DLBCL of the GCB and ABC types show common expression of spot F (inflammation), but they differ in the expression of spots containing the key genes MYC (spot D), PIM1 (E) and PRDM1 (H) (see Fig. 4 and previous subsection). The portrait of PMBL closely resembles GCB-DLBCL, which differs from that of ABC-DLBCL. It specifically expresses the plasma cell-related spot H and the proliferation-related spot D. Interestingly, the ABC-type portrait resembles that of plasmablastic and partly also immunoblastic DLBCL while the portraits of anaplastic and centroblastic DLBCL partly agree with that of GCB lymphoma (Additional file 1: Figure S3), where plasmablastic, immunoblastic, anaplastic and centroblastic lymphoma annotate three morphological variants of DLBCL. Spot H shows prominent expression also in multiple myelomas (MM) accompanied by deactivation of BCL6-related transcriptional programs (spot K) as a hallmark of plasma cell maturation which is further paralleled by high expression of spot L reflecting B cell-like characteristics. On the other hand, MM under-express spots D, E and F due to decreased proliferative and inflammatory properties compared with ABC-DLBCL. Interestingly, IRF4-LCL over-express spots D, E and G thus indicating a combination of BL-like (spot D), stromal (spot G) and ABC-DLBCL (spot E) characteristics (Fig. 4). BL-like intermediate lymphomas show over-expression of spot B that accumulates marker genes of BL  but also of spot L which is related to post- and pre-GC B cell characteristics. This spot is not observed in prototypic BL and possibly refers to early stages of BL development which is supported by the relatively weak expression of spot D harboring proliferation-related genes such as MYC, TP53 and EZH2 (Fig. 3b). The portrait of mnBLL-11q closely resembles that of intermediate lymphomas and only partly that of prototypic BL  which, in turn, resembles that of double-hit lymphoma (DHL, Fig. 4). In the supplemental text, we present a comprehensive analysis of the expression patterns before and after acquiring a second hit combining MYC- with BCL2 or BCL6 translocations (Additional file 1: Figure S4). It illustrates the capability of SOM portraying to identify specific transcriptional patterns. The DZ- (spots D and A) GC signatures were evident in BL, while the LZ-GC signature (spots E–G) was found in GCB-DLBCL, partly FL and also in ABC-DLBCL and intermediate lymphomas in mixed amounts.

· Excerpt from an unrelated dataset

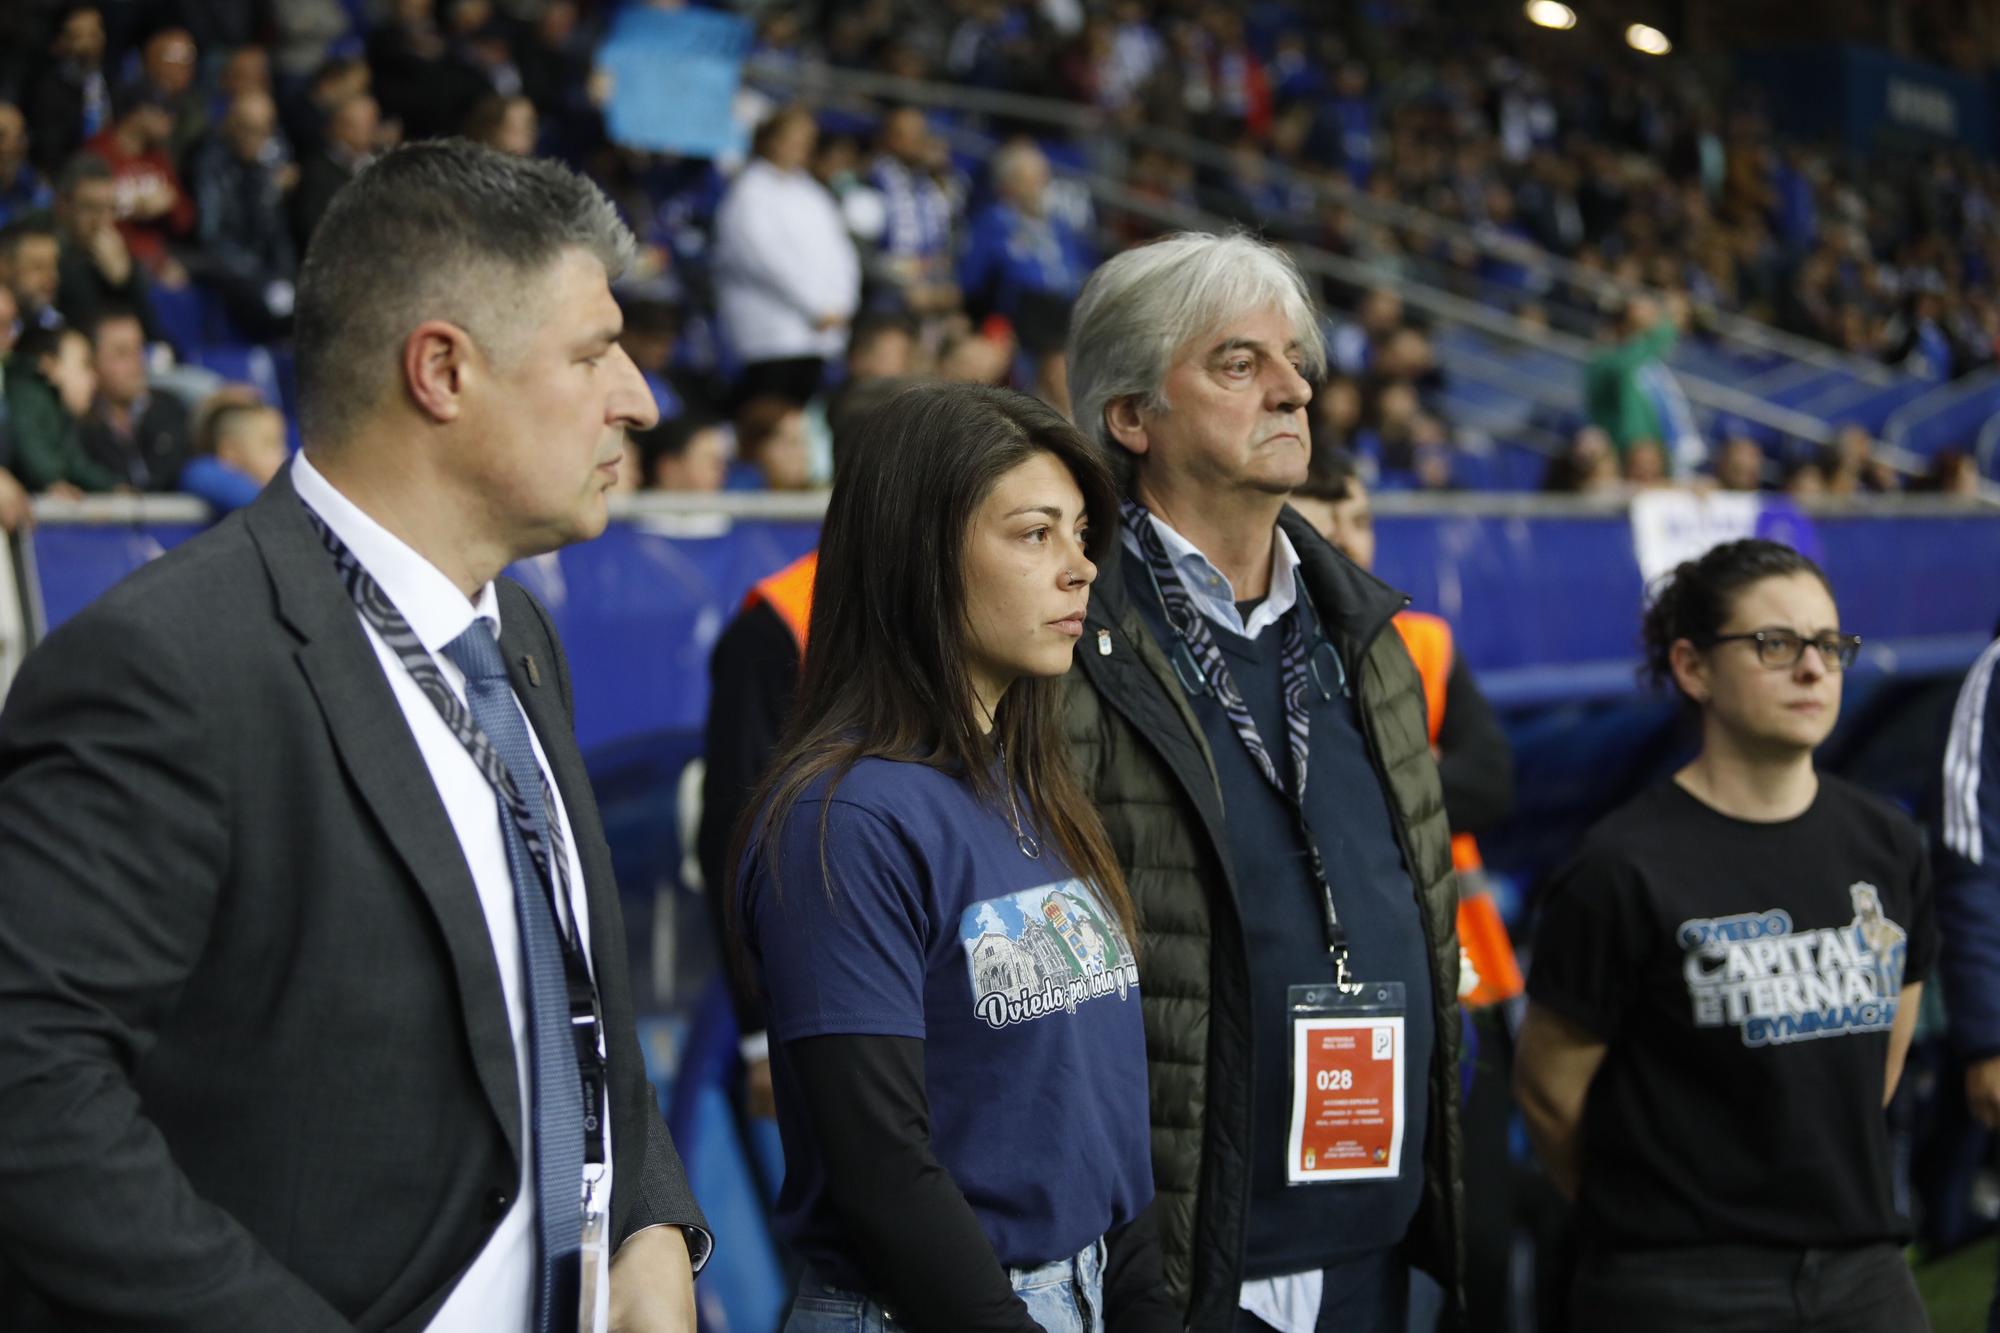 EN IMÁGENES: Así fue el encuentro entre el Real Oviedo y el Tenerife

FLs of all histological grades express spot I as a transcriptional hallmark of this subtype independent of the presence or absence of the genetic hallmark of FL, namely the t(14;18) translocation (BCL2-break). Spot I partly transforms into spot G with increasing grade of FL paralleled by decreasing gene activities in the regions of other spots which indicates the progressive dominance of FL characteristics over other processes such as DNA processing and B cell characteristics. Grade 3b FL (FL/DLBCL) show a combined pattern of the FL and DLBCL-specific spots I and F, respectively, indicating the continuous transformation from FL into DLBCL. The portrait of double-hit lymphoma resembles that of BL thus reflecting increased transcriptional activity compared with FL (see also Additional file 1: Figure S4 for details). The portrait of MCL shows a unique pattern different from all the other lymphoma groups but sharing similarities with the portraits of B cells especially with strong expression of spot K and, partly, of spot M. MCL split into two subtypes deriving from pre- (type C1) or post-GC memory (C2) B cells, respectively . Both types carry the t(14:18) translation giving rise to over-expression of spot I also found in FL. C1 MCL, in contrast to C2 MCL, express the gene SOX11 near spot A which prevents them from entering the GC. The portrait of tonsils expresses spot J as the unique prominent characteristics.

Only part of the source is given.